I presume you are the author of Documentation/Developer/Gui/Reference/LanguageSetup.html. If so, please take the following into consideration when you revise or update it:

1. Add more explanation for the art backend. While you recommend it to others to use, the
  instruction occupies only two line.
2. Put the document in Documentation/User instead of Documentation/Developer so that the user can find it naturally. I think the contents itself is irrelevant to development.
  Also, you can't expect all the users identify themselves as developer.
3. Add some explantion for GNUSTEP_STRING_ENCODING. I don't think all people understand where NSBIG5StringEncoding comes from. They are likely to fail to find the valid values
  for their own languages.
4. Localizable.strings is not a must to enable i18n support. I think it is the matter after i18n support is enabled.
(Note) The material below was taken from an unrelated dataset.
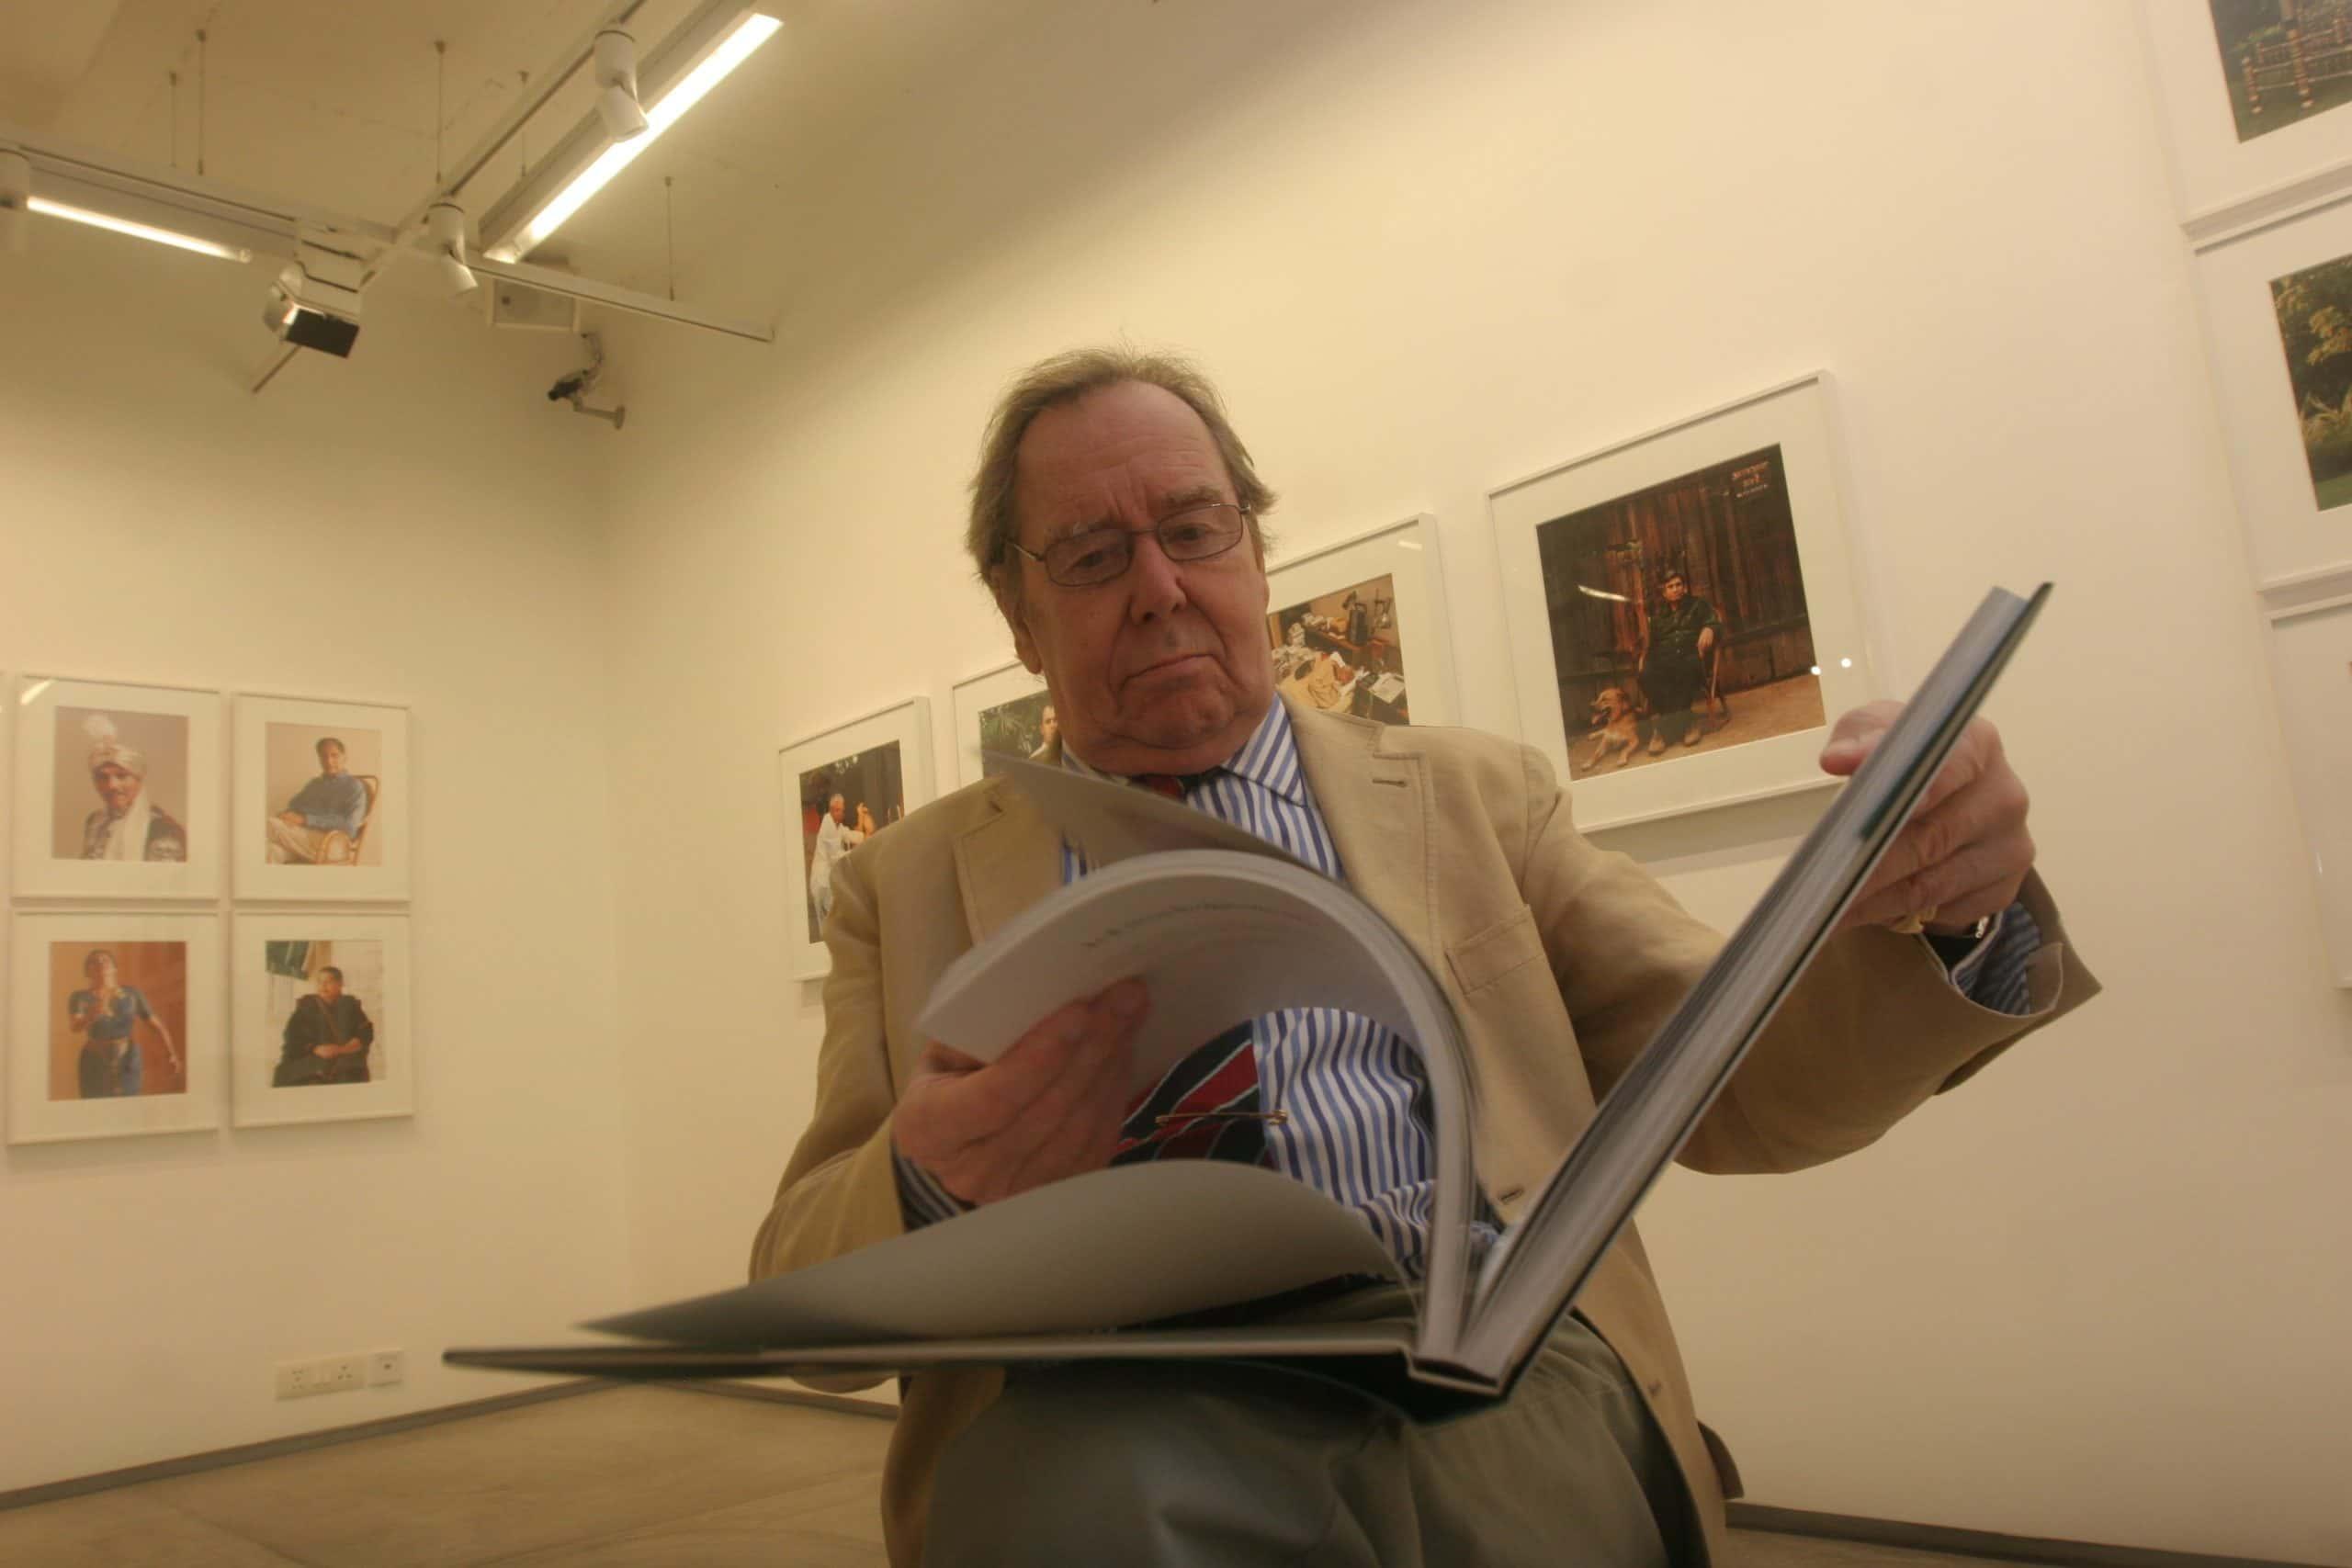 Antony Armstrong-Jones, The Earl Of Snowdon facts

The current explanation is likely to lead others to the misunderstanding that GNUstep doesn't support their languages if they can't find
  Localizable.strings for their languages.
5. Delete the explanation for XIM. If an input method in use doesn't work, it's a bug of the input method, not that of GNUstep. The user never fix it by tweaking
  XIMInputServer.m.
6. Make finer the explanation for the locale environmental variables. For example, it
  is possible to use LC_ALL or LANG other than LC_CTYPE.
7. Add a cross reference to the NSFont object so that the user can make out how to put their
  fonts under complete control (I mean, NSUserFont, NSBoldFont etc.).

Last, but not least, I think people in other nations would appreciate your document if you could rewrite it in a manner that the explanations are not much biased in favor of your own
language (although they provides a good example of usage).